Let $S^3$ be the 3-sphere, and $\Sigma$ be a 2-dimension manifold. Let $\omega$ be a 2-form on $\Sigma$. $f:S^3\rightarrow \Sigma$ is a $C^{\infty}$ map.Then there is a 1-form $\alpha$ on $S^3$ such that $f^{\ast}\omega=d\alpha$.For such an $\alpha$, define $I(\alpha)=\int_{S^3}\alpha\wedge d\alpha$.
$(1)$ Prove that $I(\alpha)$is independent of the choice of $\alpha$
$(2)$ In the case $\Sigma$ is the 2-torus $T^2$,prove that there are 1-form $\eta_1,\eta_2$ and $\eta_3$ on $\Sigma$ such that $\omega=\eta_1\wedge \eta_2+d\eta_3, d\eta_1=d\eta_2=0.$
$(3)$ Prove that when $\Sigma$ is the 2-torus $T^2$,$I(\alpha)=0$
I have proved$(1)$:
Since $f^{\ast}\omega$ is a 2-form on $S^3$ and $df^{\ast}\omega=f^{\ast}d\omega=0,$$H_{DR}^2(S^3)=0$ yields that there is a 1-form $\alpha$ on $S^3$ such that $d\alpha=f^{\ast}\omega.$ Suppose another $\hat\alpha$ satisfies $d\hat\alpha=f^{\ast}\omega,$then $d(\alpha-\hat\alpha)=0$,therefore there is a 0-form $g$ such that $\alpha-\hat\alpha=dg.$
Now $I(\alpha)-I(\hat\alpha)=\int_{S^3}(\alpha-\hat\alpha)\wedge d\alpha=\int_{S^3}dg\wedge d\alpha=\int_{S^3}d(g\wedge d\alpha)=\int_{\partial S^3}g\wedge d\alpha=0$ by Stokes's thm.

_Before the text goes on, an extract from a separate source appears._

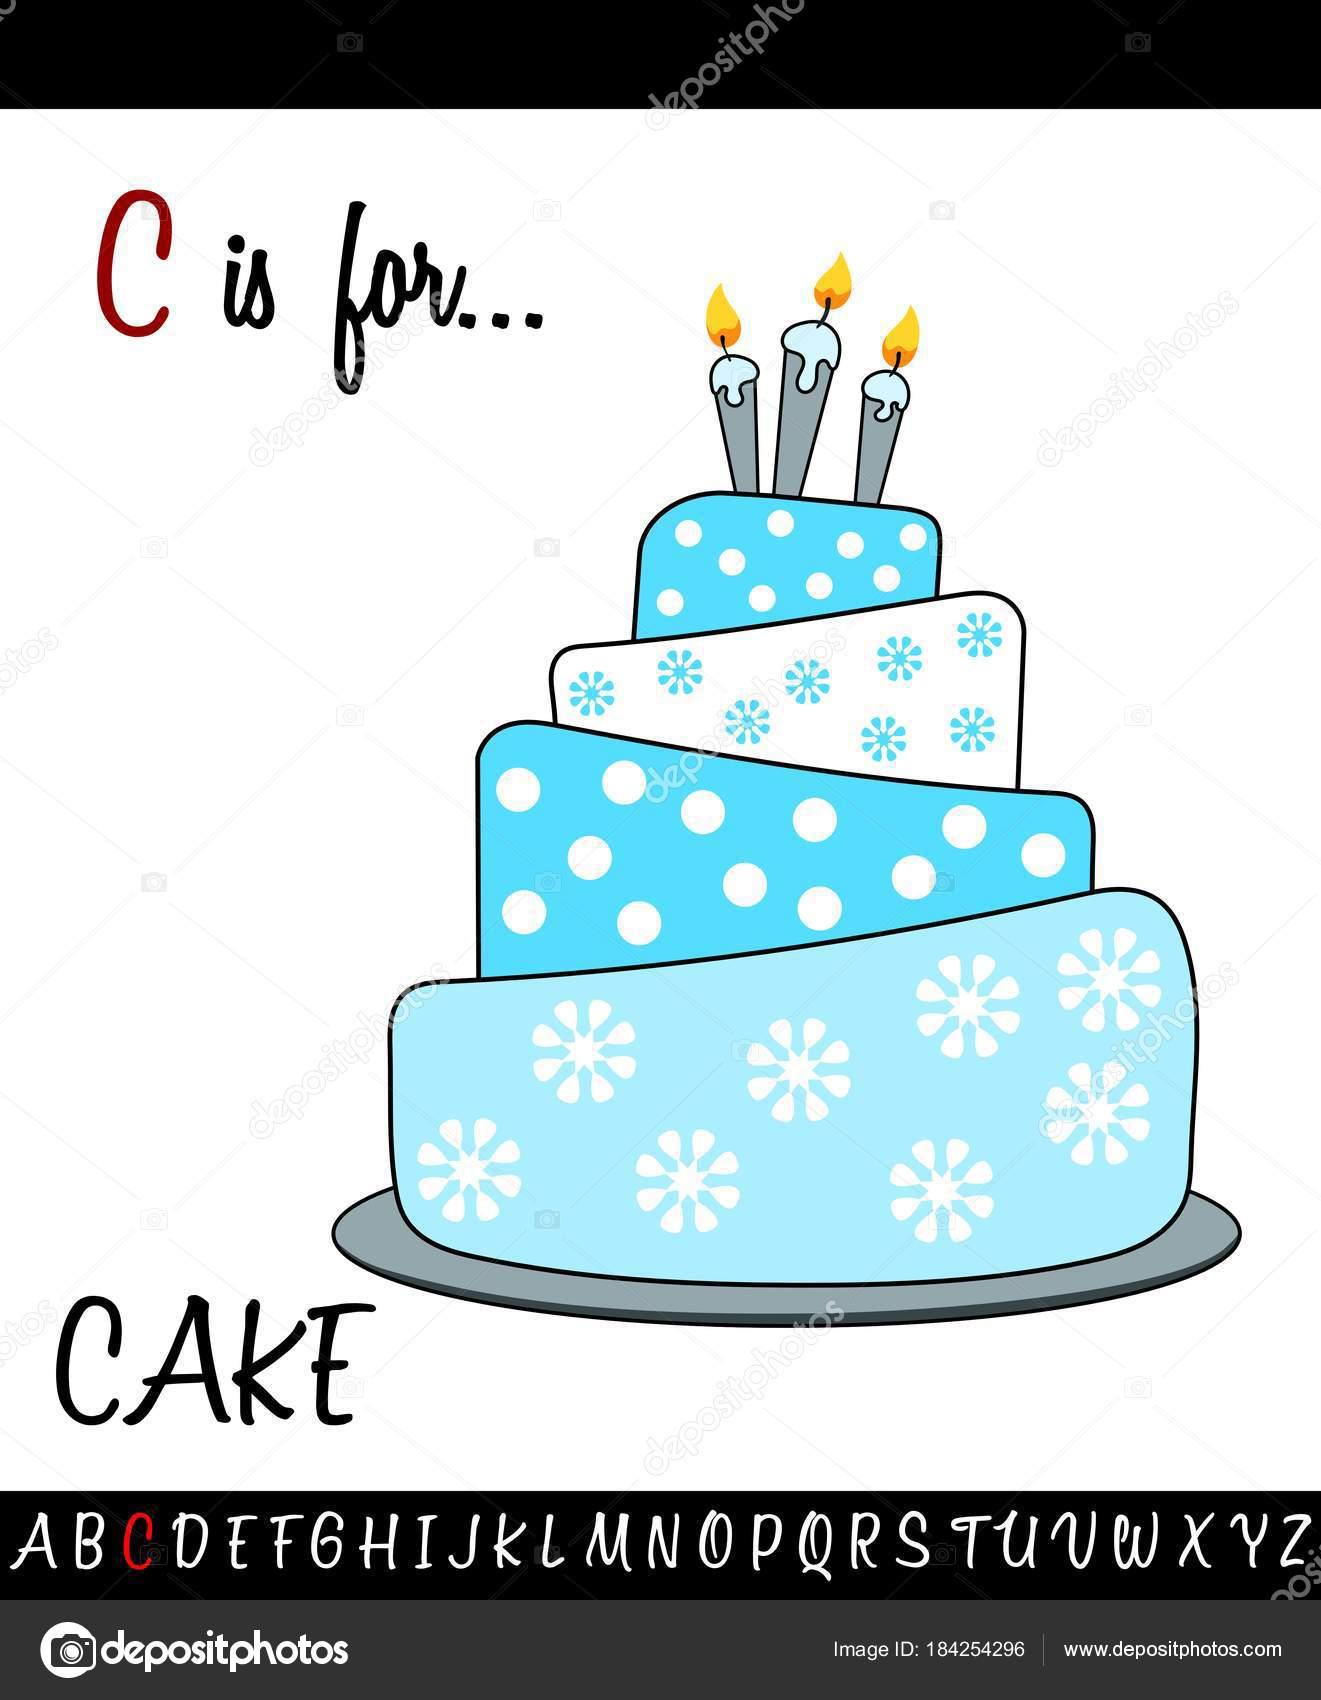 Illustrierte Wortschatz Arbeitsblatt Karte mit Cartoon Kuchen ...

But for $(2)$ I have no idea how to prove it.I know $H_{DR}^r(M)=0$ means closed r-forms are exact forms but since $H_{DR}^1(T^2)=\Bbb R^2$ and $H_{DR}^2(T^2)=\Bbb R$ , how can I use them to describe the relationship between closed forms and exact forms and how to show the existence of $\eta_i$?For$(3)$ I'm also confused how to prove it,I'll be appreciated if you can give me some hints or help, thank you so much!